Es ging bei mir nicht sekundär um Hersteller, lediglich um die Meinung, dass:

1. ein gutes Koi-Futter durchaus für 3€ möglich wäre, wie unmöglich ist (was der Realität entspricht mal außen vor)
2. Preise ohne Quelle rein fiktiv sind
3. und am Wichtigsten: beim Futter geht es um die Inhaltsstoffe, nicht um Preise

Also Wolfgang, völlig deiner Meinung bin ich, wenn man, wie du sagst, sich auf die Bestandteile im Futter bezieht. Wenn man sich dabei auf ein Mindestmaß einigt, kann man gucken, was welche Hersteller dafür verlangen...

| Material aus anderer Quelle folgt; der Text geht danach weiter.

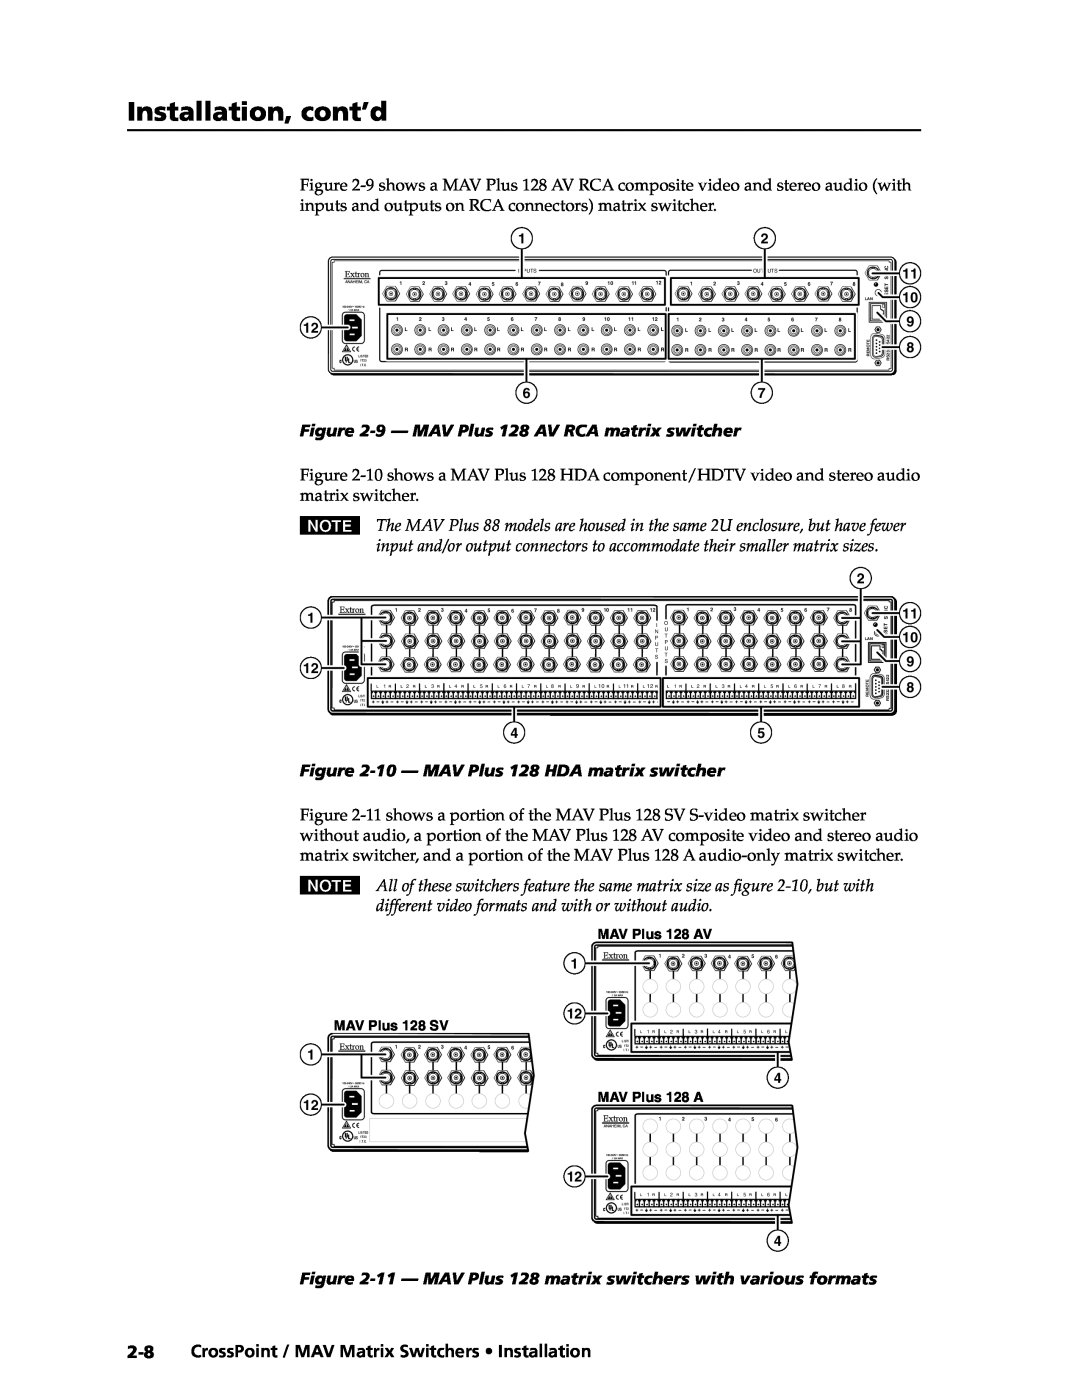 Extron electronic MAV Plus Series Installation, cont’d, 9 - MAV Plus 128 AV RCA matrix switcher, Inputs, Outputs, Sync

Irgendwie sind wir auf einer Wellenlänge, aber in einer anderen Art und Weise der Kundtuung 
Gruß bowo


----------



## Joerg (21. Juli 2014)

Hallo Wolfgang,

wie bowo schrieb, hast bisher nicht erwähnt, dass du dich ausgiebig und fundiert mit dem Thema Futter für Koi auseinandergesetzt hast. 
Es gibt gewisse Anforderungen der Koi, die dann in einem Futter umgesetzt werden sollten.

Zusätzlich gibt es unterschiedliche Auffassungen was den Koi gut tut. (Schnelles Wachstum oder mehr langfristig orientiert)
Je nach Ausstattung an Koi, ist jemand dann auch bereit etwas mehr zu bezahlen, da man entsprechend "investiert" hat.
Da ich mein Limit bei 10€ sehe, kann ich auch mit Forellenfutter oder Mastfutter Karpfen und zusätzlichen Zugaben leben.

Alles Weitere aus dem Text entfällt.